そんな中でも旧人を支えるために街中にはちゃんと電車が走ったり、車が行き来している。その上空を箒や絨毯に乗った魔術師たちが飛び回ってくるのだ。


もちろん、箒や絨毯を使った移動にも少なからず魔力を使うから俺は一般人に溶け込む形で電車や自転車を使って普通に登校している。


大まかな概念は伝えたし、他はまた機会があれば説明しようかと思う。まぁ面倒くさくて教えない可能性も十二分あるけどな。

キーンコーンカーンコーン

授業が終わり、ナーサリー先生が廊下に来る。
ナーサリー先生が怒る時は基本的に激怒せずに徹底的に理攻めをするためよっぽど口が上手くない限りその攻めを打ち破ることはできない。


「授業態度に見合う魔術師としてのセンスがあるなら私も少しは抑えましょう。 しかし、貴方は一般の生徒に満たない魔力しかありません....そうですね?」

「けど筆記テストなら学年順位半分はきってますよ?」


そうだ。
俺は別に魔力量が少ないだけで筆記テストは普通に優等生だ。魔術に関する歴史も分かってるし、それ故の魔術の特性も独学とはいえ心得ている。

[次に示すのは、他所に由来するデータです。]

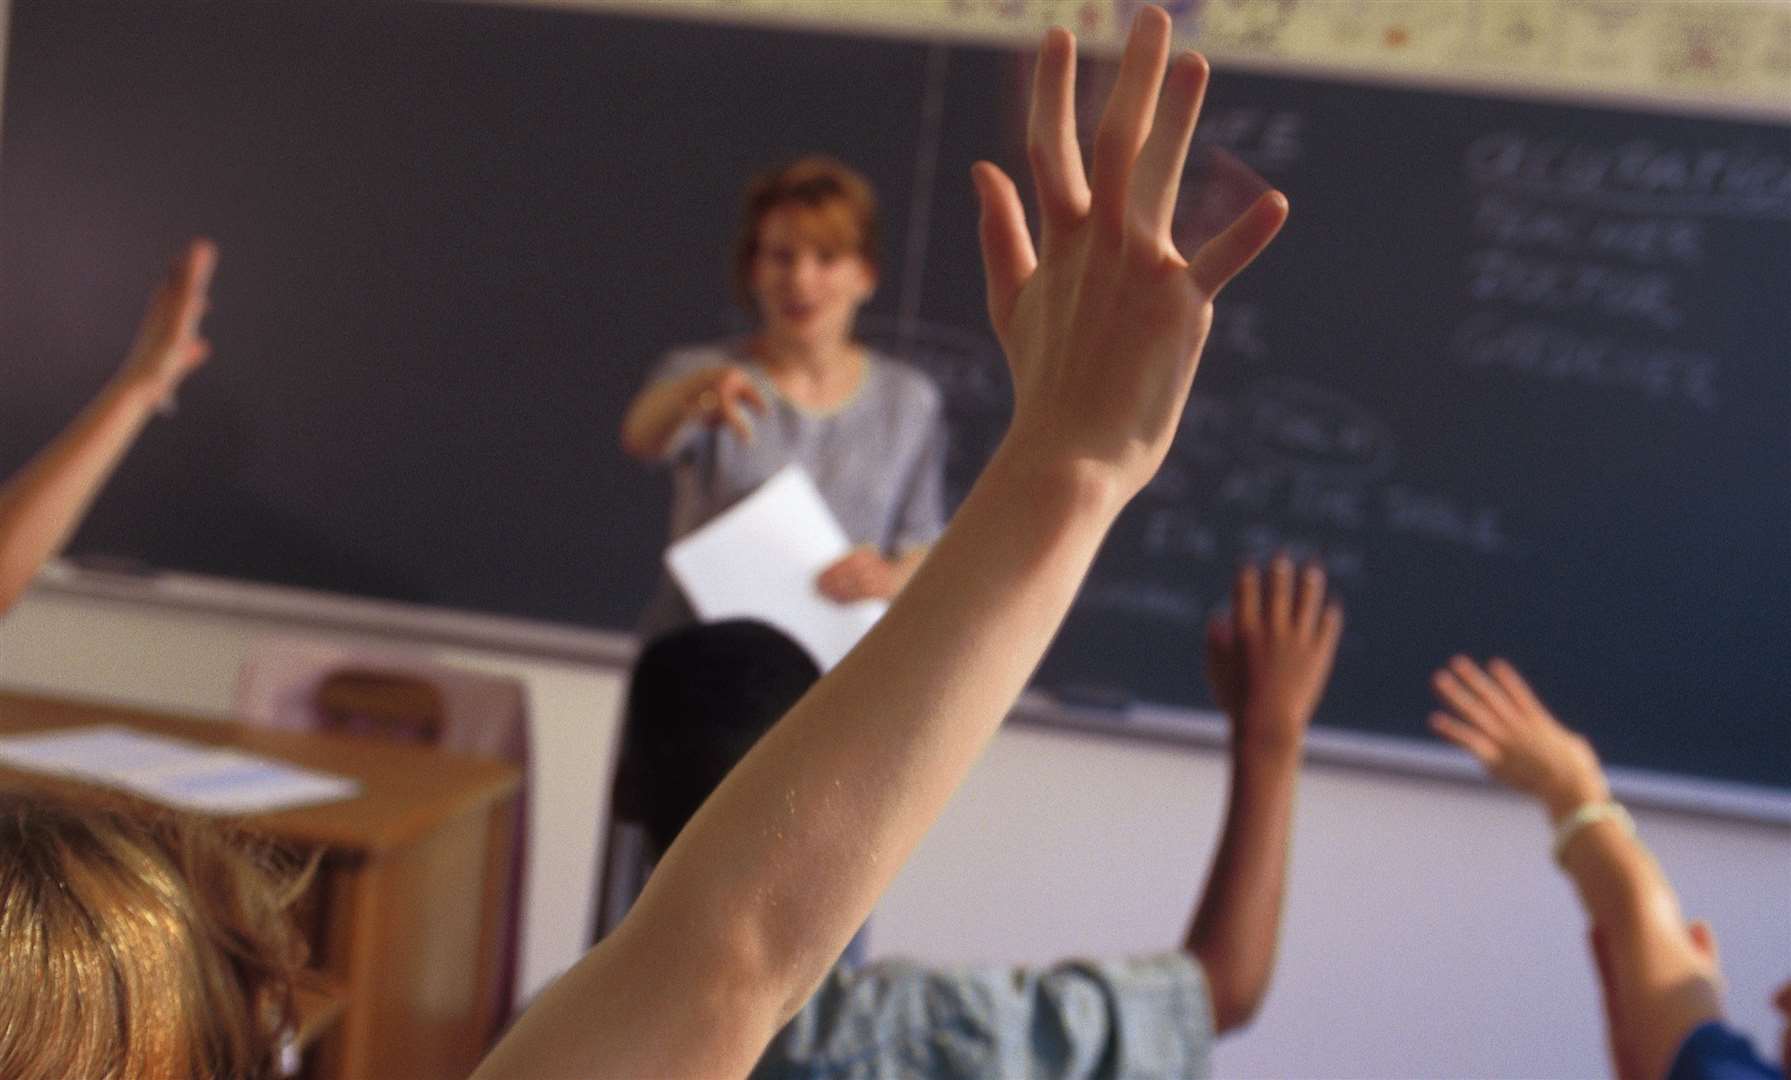 Many are wondering just how teachers cope all day Copyright: Comstock/Thinkstock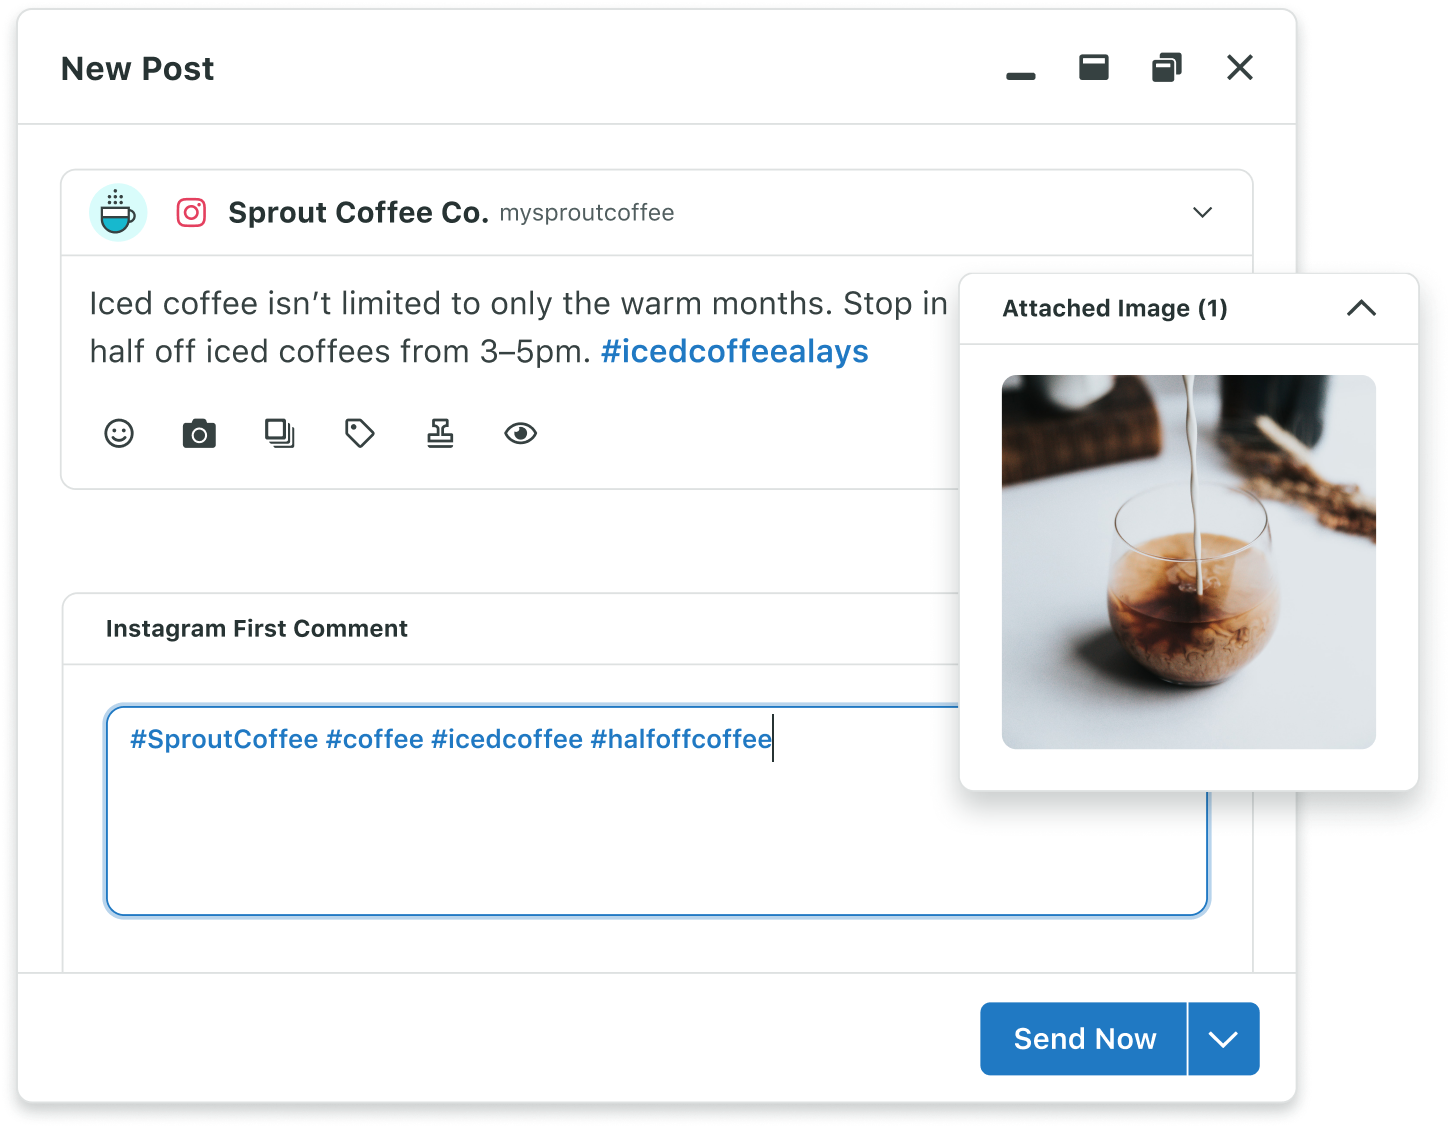 Schedule your first Instagram Comment along with your new post right from the Compose window, including hashtags to help expand the reach of your content.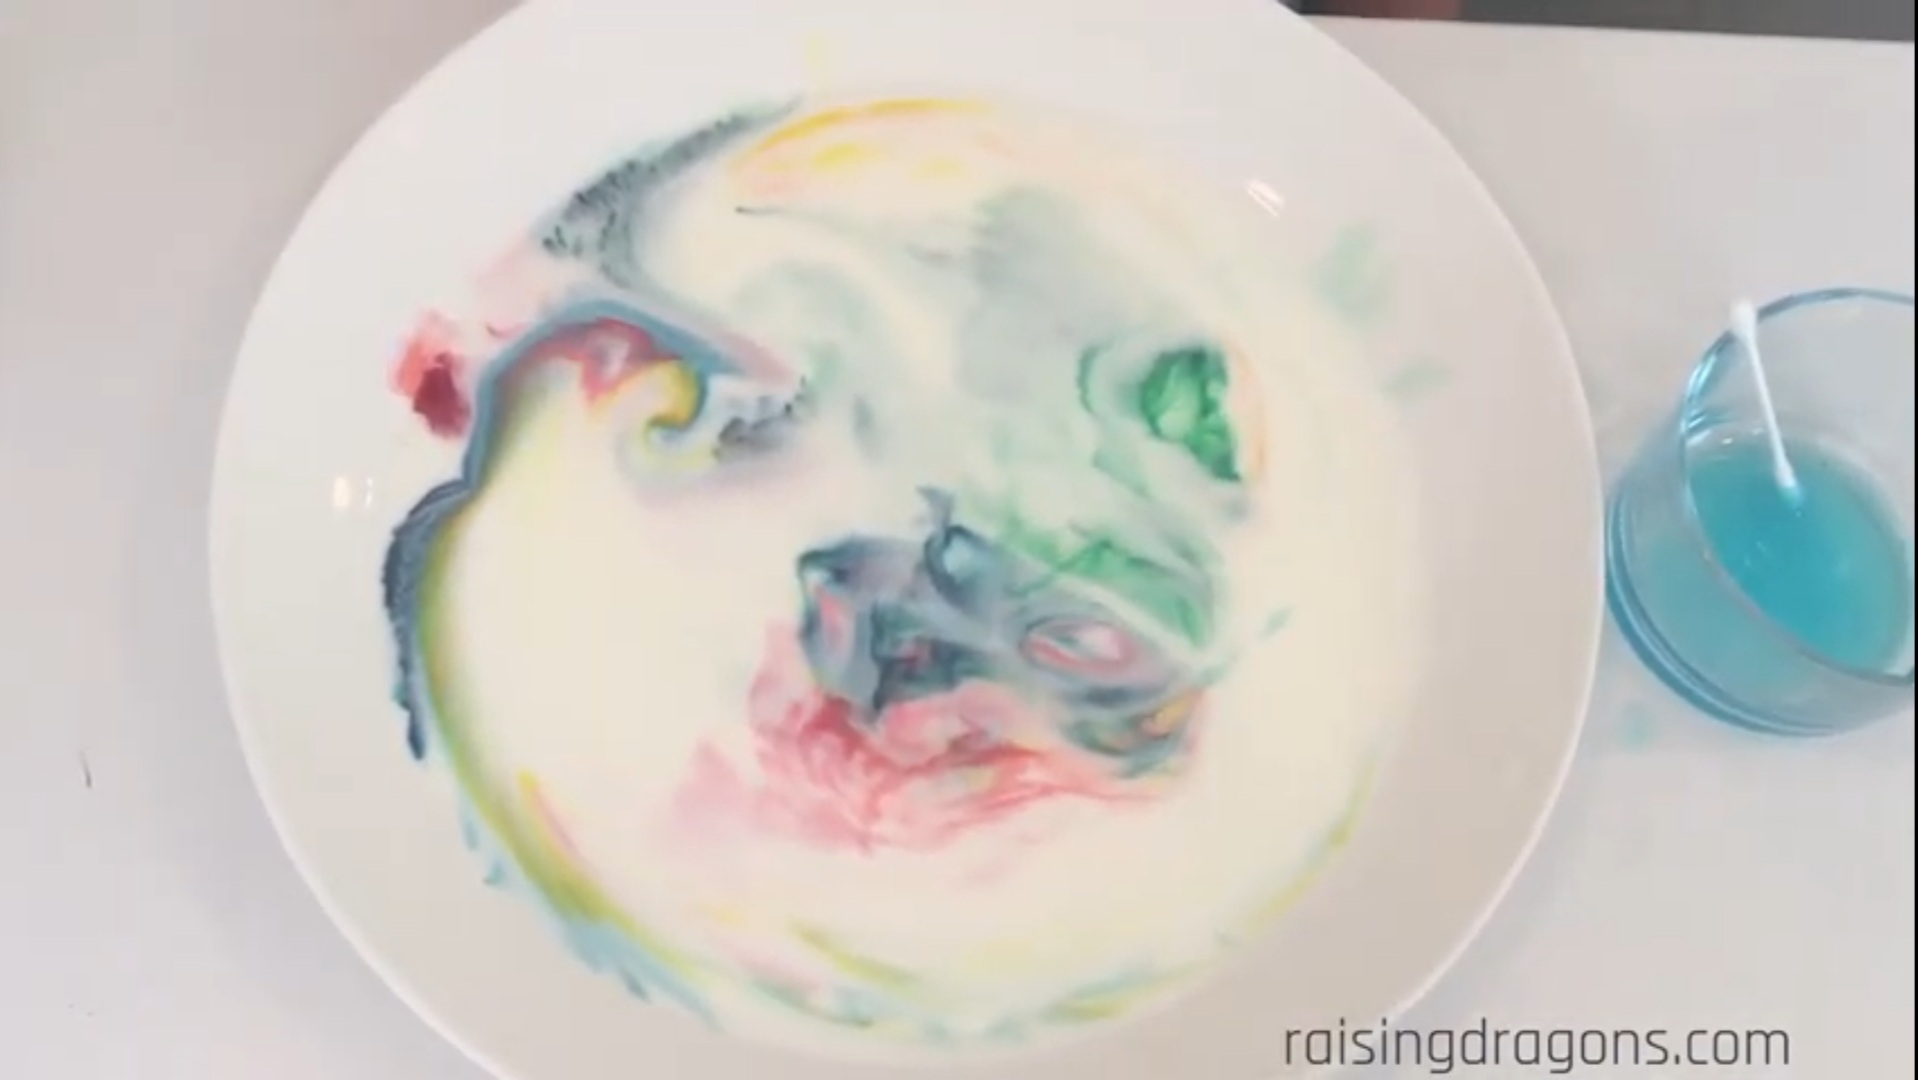 5 Fun & Cool Science Activities with Dye to Do With the Kids 6

「それは私も分かっています。 ですがここで重要なのは貴方の苦手な魔術なのです。 私も貴方の魔術に対する理解と知識には非常に感心があります。 ですがここは魔術士育成学校であることを忘れてはなりません。 そしてここは誉れ高きマーリン学園です。 生徒の中でもこの学園の生徒であることを誇りに思う生徒は多いはずです。 貴方もマーリン学園の生徒であるという自覚を持ち少しでも努力しなさい。」


どれも正論故に何一つ反論できない。
彼女の口から冷静に残酷な現実を突き付けられる。
ナーサリー先生の説教はそこで終わり、俺は肩を落としてその場を去った。


ー放課後ー
マーリン学園には広大な庭園がある。
広さは校舎の倍以上あり、咲く花は魔術のせいなのか季節を関係なく様々な花が咲いている。
俺はそんな広大な庭園にあるベンチに腰掛けていた。


「落ち着くなぁここは...........さてと。」

(どうやってこの学園を変えようか.....そうだ!)


俺はこの学園のとあるシステムを思い出した。
それはこのマーリン学園も含めた3大魔術士育成学校で行われる魔術士の頂点を決める大会「ウィザード・トーナメント」だ。この大会は名前の通りトーナメント制で性別や学年は一切関係ない。


(問題は組むパートナーだ。)


この大会の重要なポイントの一つとして2対2というシステムがある。つまり、選ぶパートナーが強ければ優勝できる可能性は十分ある。

だが俺は魔力量が少ないため、選ぶパートナーは一人勝ちできるくらいの奴じゃないと意味がない。

この大会で1番の功績を残した生徒は生徒会長になる権限を与えられるのがマーリン学園のルールだ。大会に優勝すれば生徒会長になれるのは言うまでもない。そして生徒会長はこの学園をより良いものにするために学園の校則を変える権利を持っている。


「俺がこの学園を変えてやるよ。」


そして俺の大いなる野望に向けた戦いが始まる。